Selon le Tribunal fédéral, la concertation des comportements couverte par l'art. 4 al. 1 LCart repose sur l'exploitation d'informations qui ne sont pas librement accessibles dans des conditions de marché normales, mais qui ne le sont qu'à la suite d'un échange d'informations conscient entre les participants au marché. Toujours selon le Tribunal fédéral, le concept de pratique concertée n'exige pas un échange de déclarations d'intention, mais un minimum de communication, un "contact", est toutefois nécessaire.
Dans ce contexte, un "comportement d'infomation" unilatéral d'une entreprise est déjà suffisant si l'on peut supposer que les concurrents adapteront leur comportement sur le marché en conséquence.
La mise en œuvre de la concertation constitue le second élément des pratiques concertées. D'après la jurisprudence du Tribunal fédéral, cette mise en œuvre doit en principe se traduire par un comportement sur le marché concret et plus ou moins visible. Le comportement sur le marché doit ainsi être influencé par la concertation en question.

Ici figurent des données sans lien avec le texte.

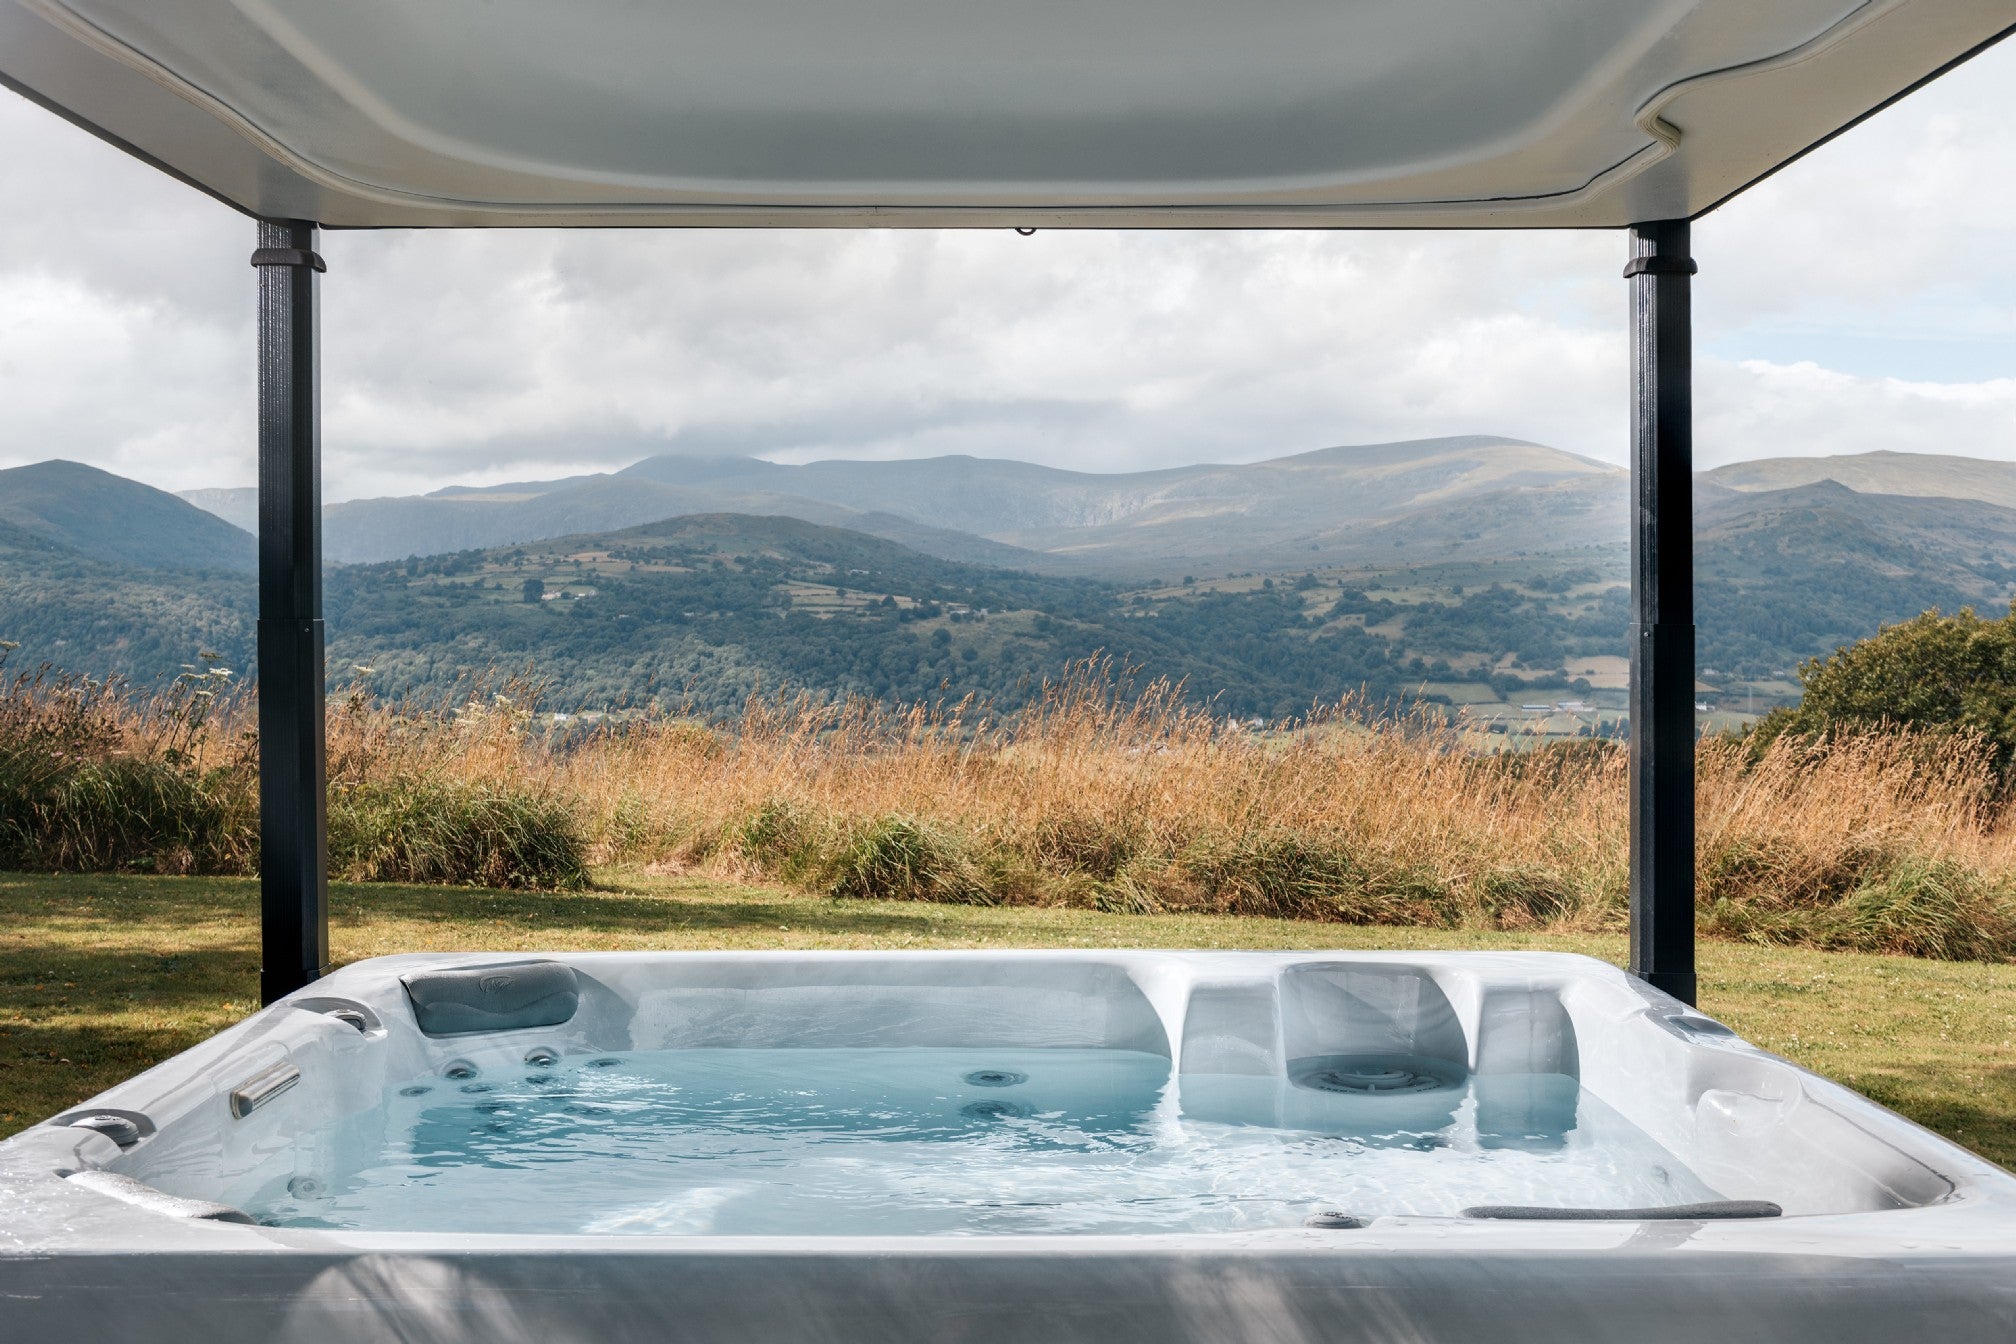 Marvel at mountain views from the luxury cabin’s hot tub

Concernant le lien de causalité, le Tribunal fédéral précise qu'il existe, en présence d'une concertation avérée, une présomption réfragable que les entreprises concernées ont tenu compte des informations échangées pour déterminer leur comportement sur le marché. Ce principe s'applique d'autant plus lorsque la concertation a régulièrement lieu, et ce sur une longue période. A l'inverse, la similarité des comportements de concurrents peut constituer un indice d'une pratique concertée; toutefois, d'autres indices sont en principe nécessaires pour que l'on puisse conclure à l'existence d'une telle pratique. Avec ces deux allègements en matière de preuve concernant le lien de causalité, le Tribunal fédéral suit la jurisprudence de la CJUE.
Un accord sous la forme d'une pratique concertée ne constitue alors un accord en matière de concurrence au sens de l'art. 4 al. 1 LCart que lorsqu'il vise ou entraîne une restriction à la concurrence.
Le cas des recommandations de prix
Dans le présent arrêt, le Tribunal fédéral devait trancher si des recommandations de prix verticales pour du Viagra constituent une pratique concertée au sens de l'art. 4 al. 1 LCart. Il précise que le respect de la recommandation de prix ne suffit pas à lui seul à démontrer l'existence d'une pratique concertée, sans toutefois que l'existence de pression ou d'autres éléments supplémentaires au suivi des recommandations ne soient forcé- ment nécessaires. Une analyse globale doit être effectuée. L'interaction entre la concertation et sa mise en œuvre doit atteindre un certain niveau qualitatif pour que des recommandations de prix verticales constituent une pratique concertée. Enfin, le Tribunal fédéral précise dans ce contexte que le respect effectif des prix recommandés ne doit pas être soumis à des exigences trop élevées.
Dans le cas concret, le Tribunal fédéral affirme que l'envoi des recommandations de prix constitue une concertation. Le fabricant et les points de vente ont communiqué de façon intensive, ce qui a permis à tout le moins de réduire les incertitudes quant aux réactions des autres acteurs du marché. Selon le Tribunal fédéral, le taux de suivi des points de vente dépassait 50%, ce qui suffit à reconnaître la mise en œuvre de la concertation, soit un comportement de marché correspondant à ladite concertation. Le Tribunal fédéral conclut ainsi à l'existence d'un lien de causalité entre la concertation et le comportement de marché. Ce faisant, il se fonde en particulier sur les exigences de preuve allégées en présence d'une concertation avérée et sur la similarité des comportements des participants au marché comme indice d'une pratique concertée. Enfin, les recommandations de prix viseraient et entraineraient une restriction à la concurrence. Ainsi, le Tribunal fédéral diverge de l'autorité précédente et conclut que les recommandations de prix verticales constituent une pratique concertée au sens de l'art. 4 al. 1 LCart, dont la licéité doit être analysée dans un second temps sous l'angle de l'art. 5 LCart.